On a seasonally adjusted basis, sales eked out a 3.6% month over month seasonally annual adjusted rate (SAAR) improvement relative to June (1.71% m/m SAAR), according to the same source. Contributing to this was a small burst of pent up demand in June as the economies began reopening, pushing up sales by 13% m/m SAAR.

Demand-side factors continue to strengthen: job growth continued to gain steam as July and is expected to have added another strong jobs boost to the 231,000 gain seen in June. Currently, according to the report, household savings remained elevated in the mid-teens (at the end of Q1), and consumer confidence started picking up in June as vaccine rates accelerated.

Since May, the Conference Board has reported a 10 percentage point convergence between those reporting it is a ‘good time’ versus ‘bad time’ to make a major purchase, which bodes well for vehicle purchases.

However, these demand drivers will likely only fuel future sales activity as supply shortages  are expected to persist at least through the summer.

Even though North American auto production resumed growth in June (with a +10% m/m, SAAR improvement—according to Wards Automotive), days supply is reportedly still at a record low.

Replenishing inventory on the back of strong demand (discussed in depth here) will take time despite further forecasted improvements in production (11% m/m for July for an 18% q/q improvement this quarter).

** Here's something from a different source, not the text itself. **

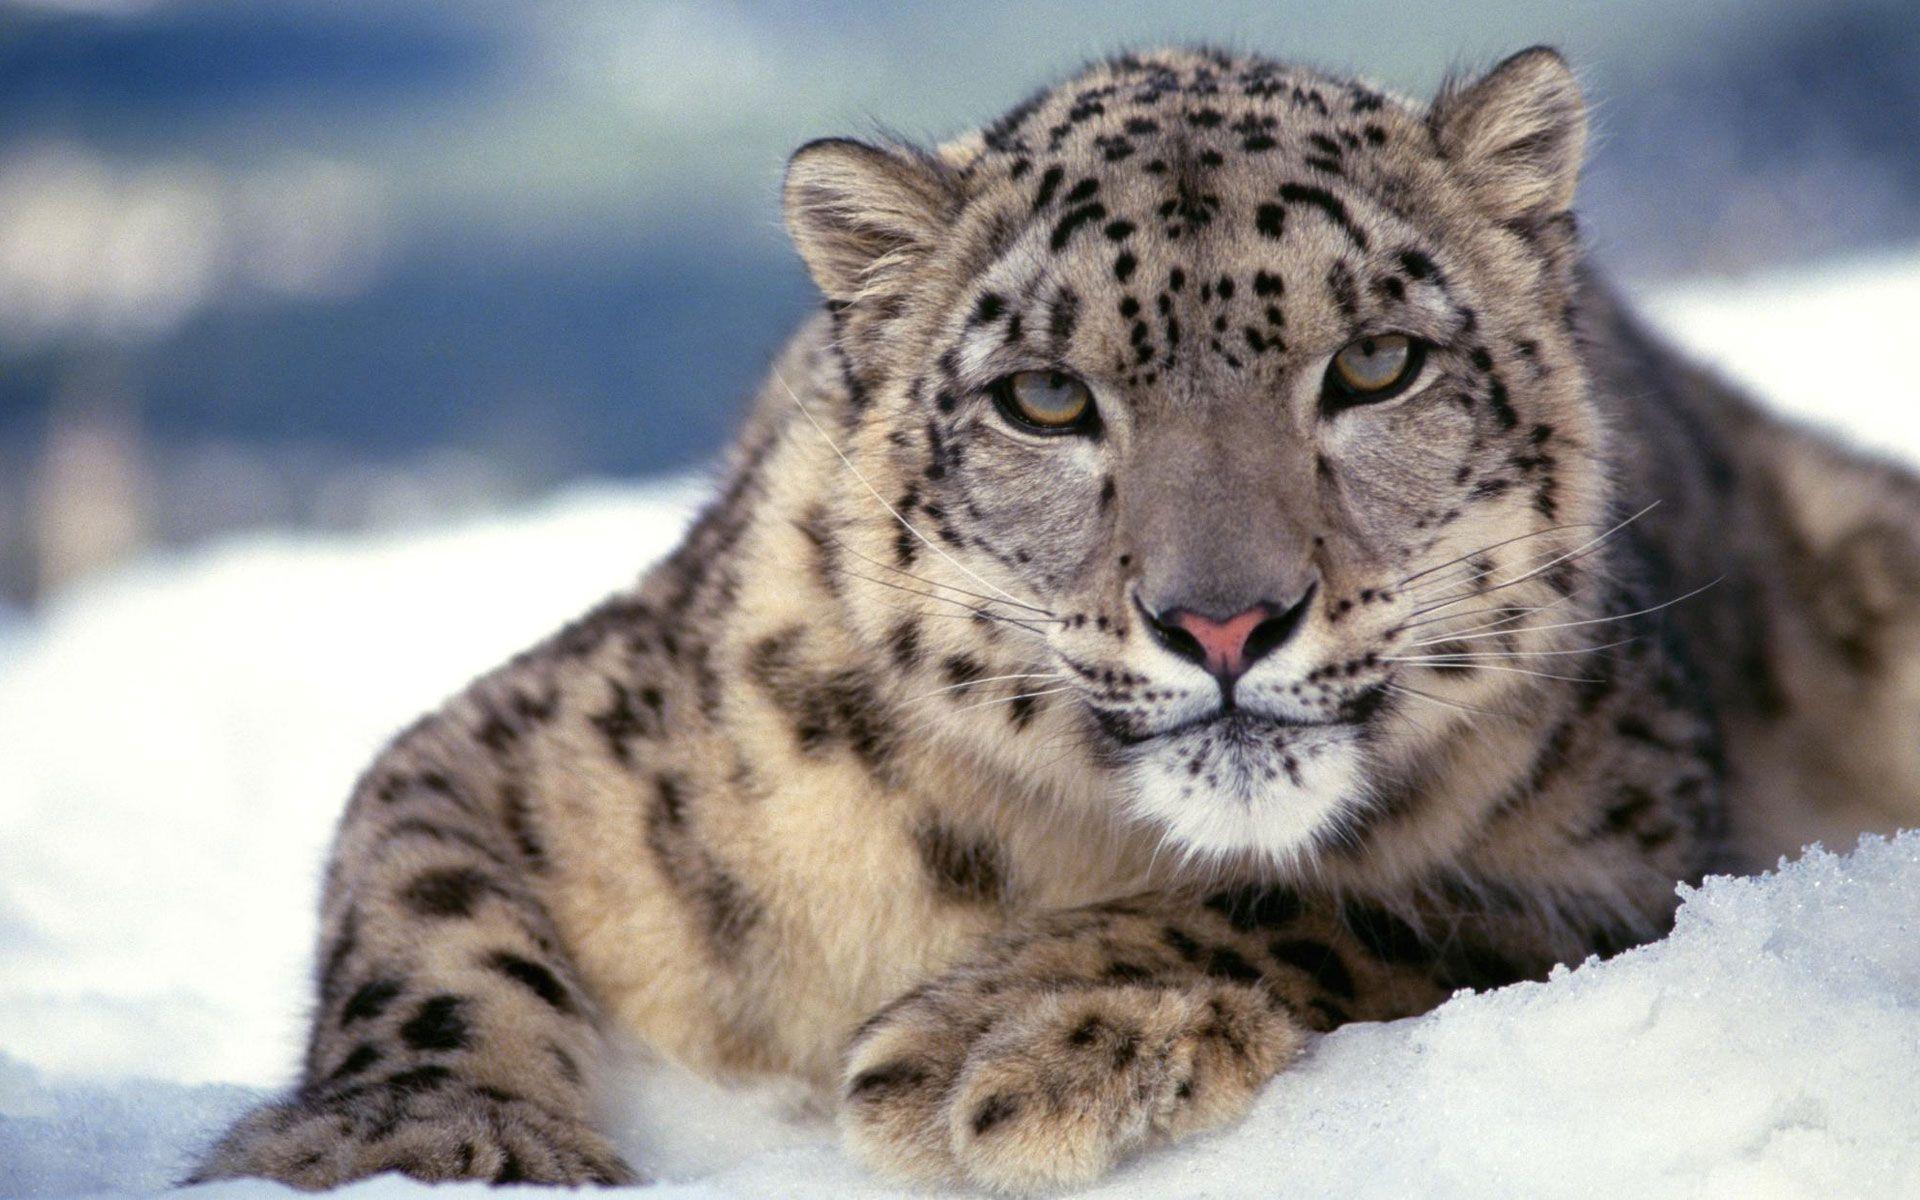 Beautiful Wallpaper Mac Snow Leopard - Apple-Leopard-Wallpapers-042  Image_807359.jpg
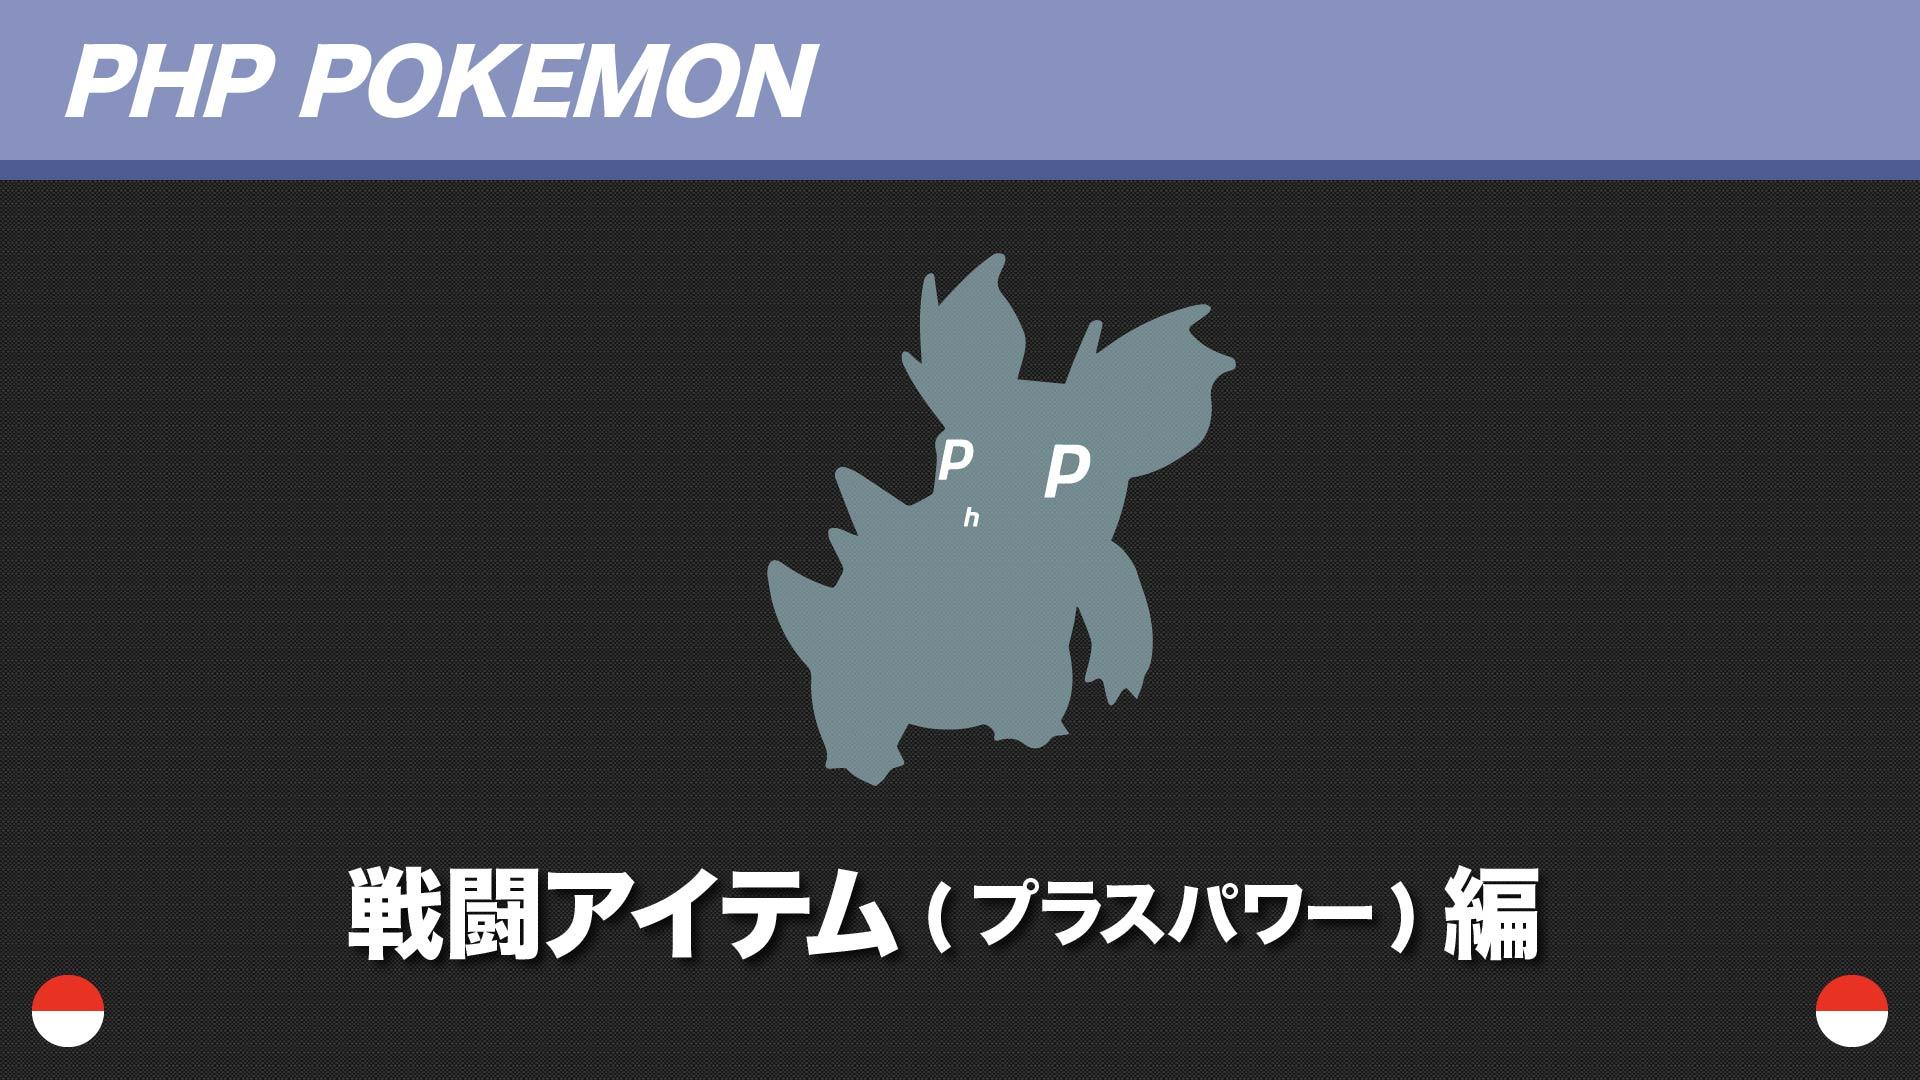 戦闘用アイテム編 プラスパワー PHPポケモン96

New vehicle price appreciation from the supply-demand imbalance slowed in June, but is still elevated on a year-over-year basis (+4.1%) and should unwind only slowly with few motives for higher incentive spending.

Consequently, we forecast dampened auto sales activity over the summer and into the fall with pent-up demand progressively unwinding as new supply hits the market, which likely takes us well into 2022 before more balanced market conditions return.

We maintain our sales forecast at 1.75 million units for 2021 and have pencilled in 1.95 million units for 2022 with both subject to considerable uncertainties both on supply and demand factors.

US vehicle sales decline

South of the border, U.S. auto sales declined for a third consecutive month in July (-5% m/m, sa) as inventory shortages overwhelmed all other drivers.

Strong demand-side factors—with a trend of economic recovery underway, temporarily goosed by additional stimulus cheques—had pushed sales up to a high of 18.6 million SAAR units in April before supply constraints started biting.

July sales stood a mere 14.7 SAAR units.

Wards Automotive anticipates inventory levels dropped by 8% in July, while the inventory to sales ratio already dipped below one in June.

Meanwhile, demand conditions remained robust.

Labour markets appeared solid through July with weekly jobless claims largely stable throughout most of the month, while auto purchase intentions surged to their highest level since the pandemic struck, coming in at 13% in July.

(And American consumers are likely putting their money where their mouth is, since  personal savings also dipped to their lowest in June since the pandemic hit.)

Supply shortages—and consequent price appreciation that has seen new vehicle inflation accelerate rapidly this spring—will likely curb new vehicle sales in the near term.

According to the latest report, U.S. sales are currently anticipated as reaching 16.4 million sales in 2021 with an acceleration in activity this fall. For 2022, the forecast is for 17.4 million new vehicle sales with supply issues widening downside potential and further stimulus representing an upside risk.